Kemenhub Bangun 3 Kapal Penyeberangan

BERITABUANA.CO, MAKASSAR – KementerianPerhubungan membangun 3 kapal penyeberangan guna melayani penumpang untuk Danau Matano, Danau Towuti, dan Kepulauan Selayar di galangan PT Industri Kapal Indonesia (Persero) Makassar.

“Saat ini kapal yang akan dilaksanakan (keel laying) merupakan Sister Ships dari kapal penyeberangan dengan tonase serupa yang pernah dibangun sebelumnya. Kita sudah menetapkan 2 unit kapal penyeberangan penumpang Ro-Ro 200 GT masing-masing senilai Rp34 miliar untuk Danau Matano yang akan melayani lintas Soroako-Nuha dan Danau Towuti yang akan melayani lintas Timampu-Beau (Tokalimbo) serta 1 unit kapal Ro-Ro 500 GT senilai Rp36 miliar untuk Kepulauan Selayar dengan berbagai ukuran dan skema multi Years Contract,” tutur Dirjen Perhubungan Darat, Budi Setiyadi saat menyaksikan Peletakan Lunas (Keel Laying) terpadu pembangunan 3 unit kapal penyeberangan tersebut, Rabu (9/10/2019) di Areal Plater Shop PT Industri Kapal Indonesia (Persero) Makassar.

Ikut bersama Dirjen Budi, Direktur Transportasi Sungai, Danau, dan Penyeberangan Chandra Irawan, peletakan lunas merupakan awal dari konstruksi kapal yang dianggap sebagai momentum hari kelahiran kapal baru, diawali dengan pembuatan rangka lunas kapal.

Menurut Dirjen Budi, pembangunan 3 kapal ini merupakan komitmen pemerintah dalam hal memperbaiki pelayanan dan memperbaiki aspek keselamatan di bidang pelayaran.

“Saya mengucapkan selamat kepada PT Industri Kapal Indonesia (Persero) dan PT Citra Bahari Shipyard yang telah mendapatkan kepercayaan pemerintah untuk melaksanakan pembangunan Kapal Penyeberangan Penumpang untuk Danau Matano dan Danau Towuti serta Kepulauan Selayar tahun 2019-2020, semoga kapal penyeberangan yang akan dioperasikan di Provinsi Sulawesi Selatan ini dapat dimanfaatkan secara optimal,” kata Dirjen Budi.
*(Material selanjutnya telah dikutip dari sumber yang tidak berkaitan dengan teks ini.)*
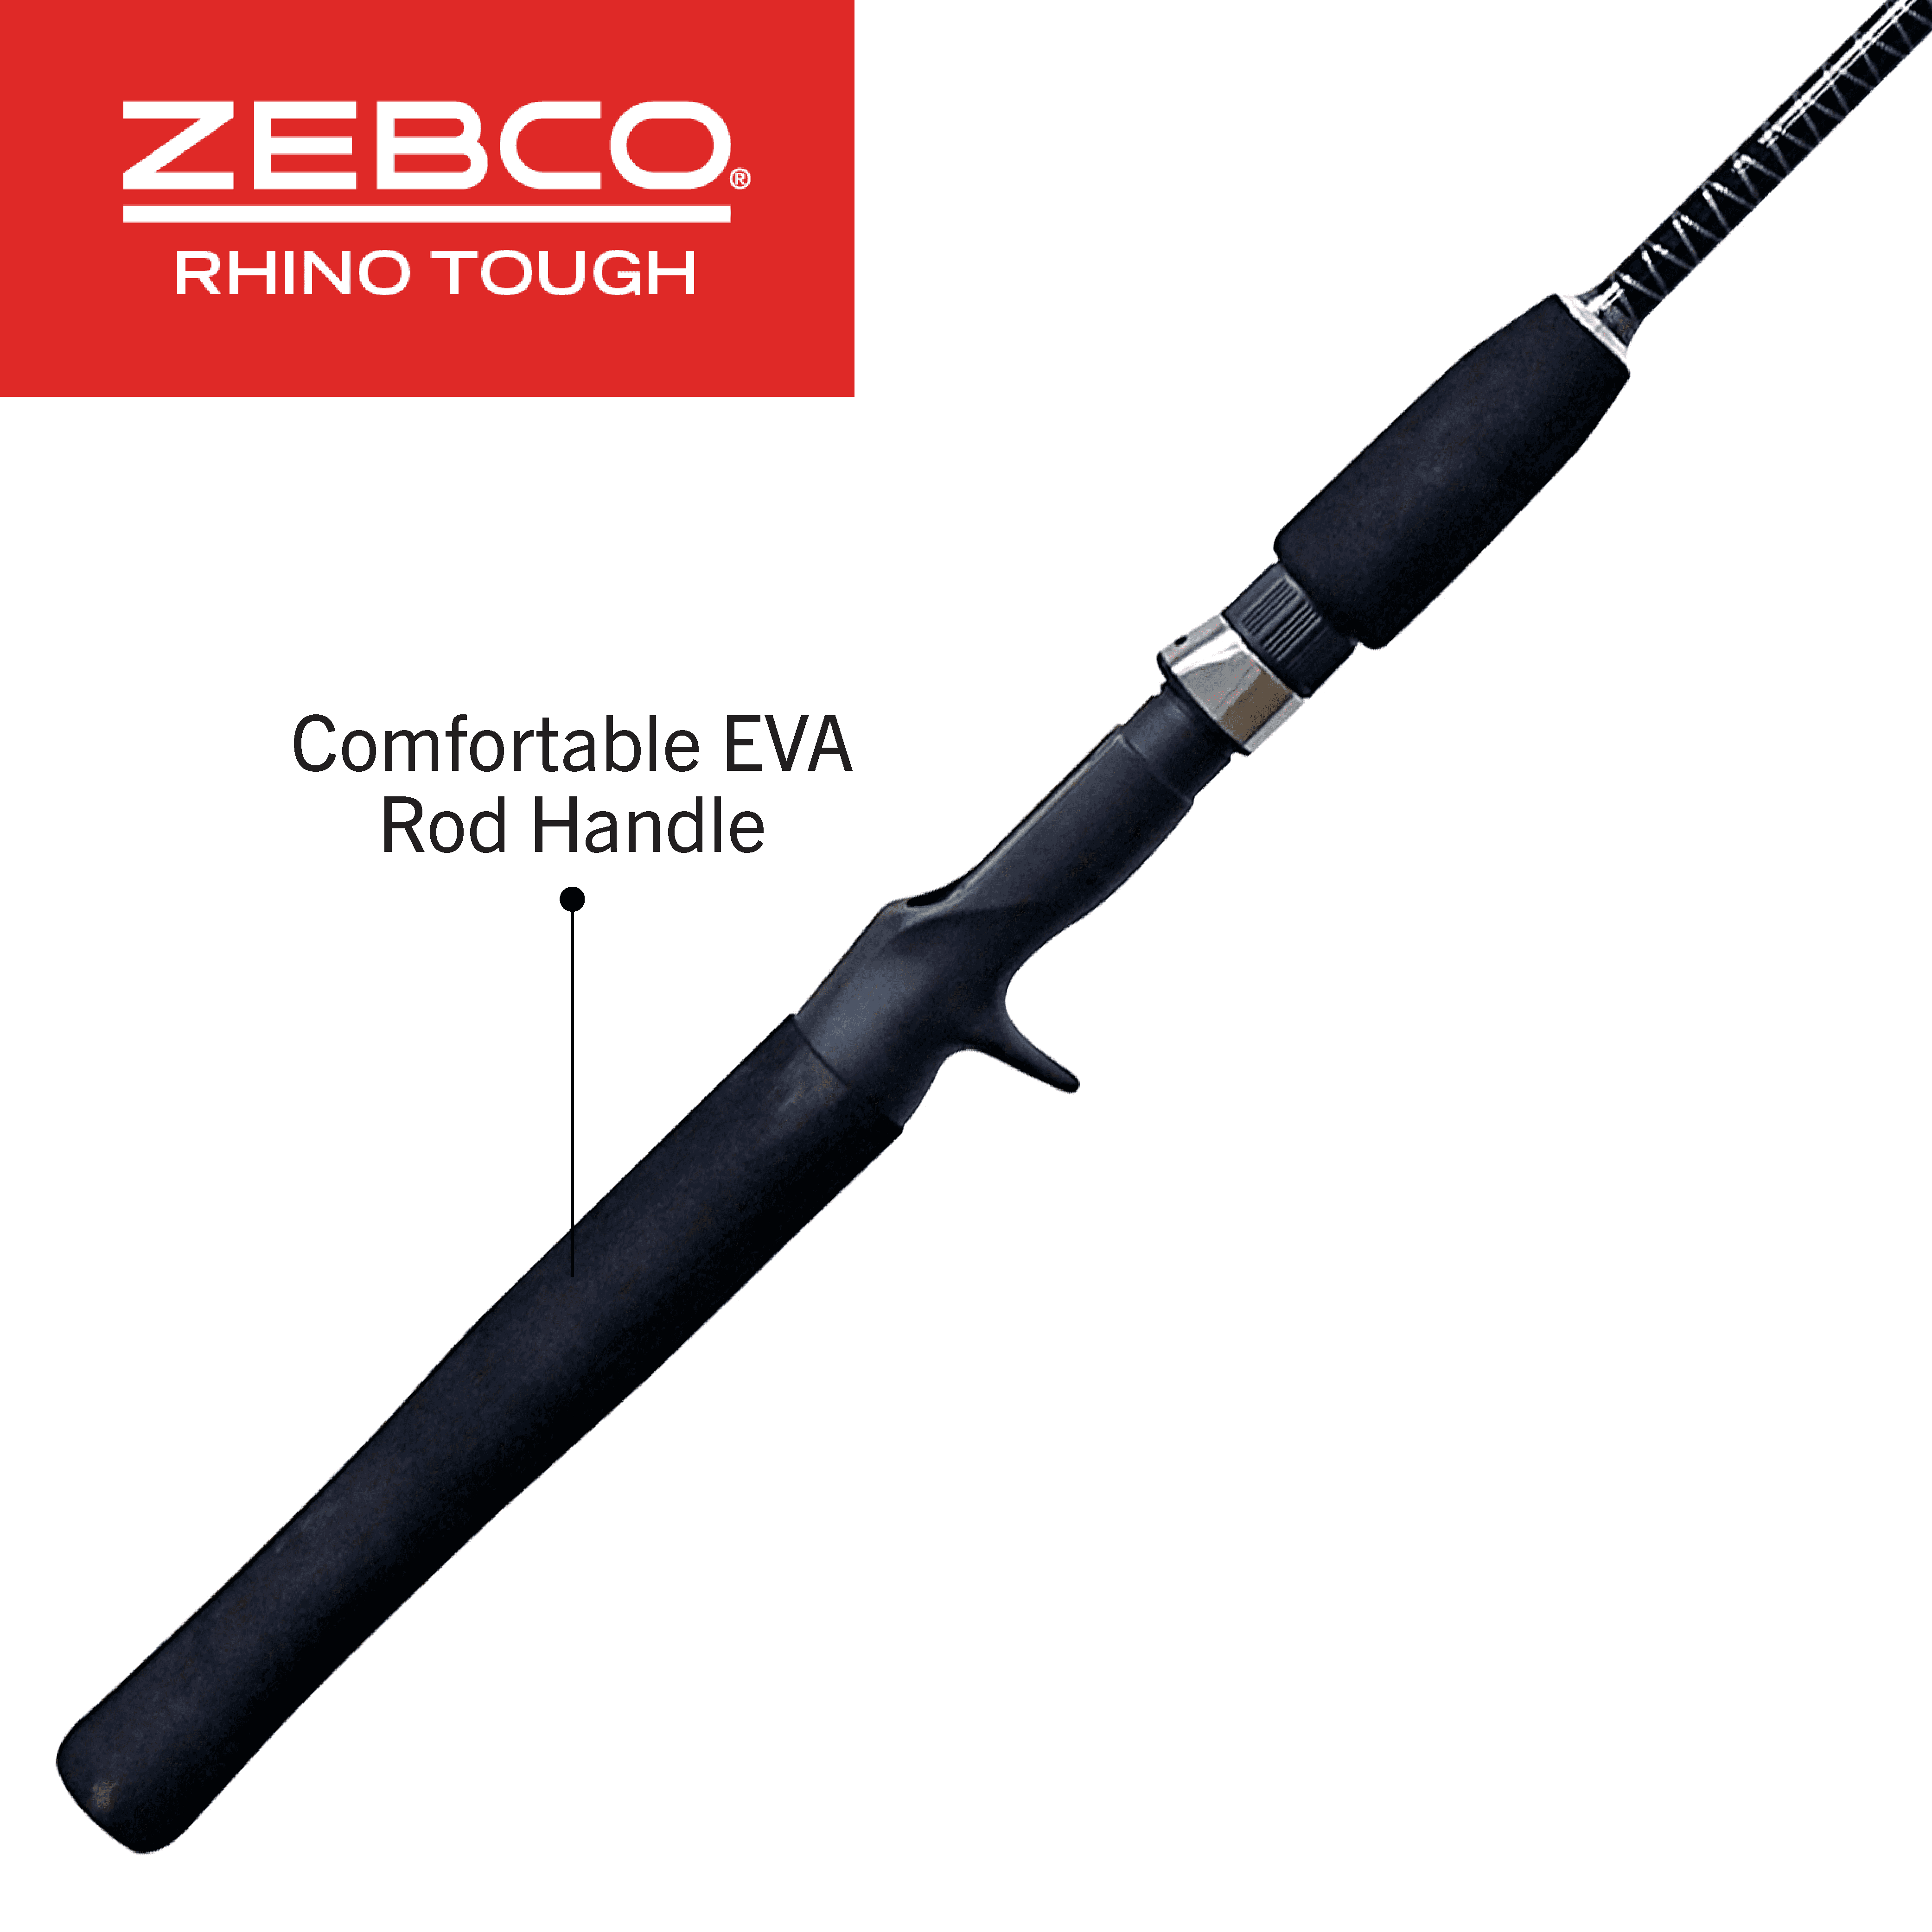  Zebco Rhino Tough Casting Fishing Rod, 5-Foot 6-Inch 1-Piece  Heavy-Duty Cross-Weave Fishing Pole, Comfortable EVA Rod Handle, Heavy-Duty  Guides, Stainless Steel D-Frame Tip Guide, Medium Power, Black : Everything  Else

Dalam tahun anggaran 2019, ungkapnya, Ditjen Perhubungan Darat melaksanakan pembangunan kapal penyeberangan sebanyak 8 unit kapal penyeberangan Ro-Ro  dan 7 unit Bus Air  dengan berbagai ukuran. Secara kontraktual, 4 unit kapal penyeberangan Ro-Ro akan selesai masa pembangunannya pada tahun 2019 dan akan segera dioperasikan sesuai dengan lintasannya.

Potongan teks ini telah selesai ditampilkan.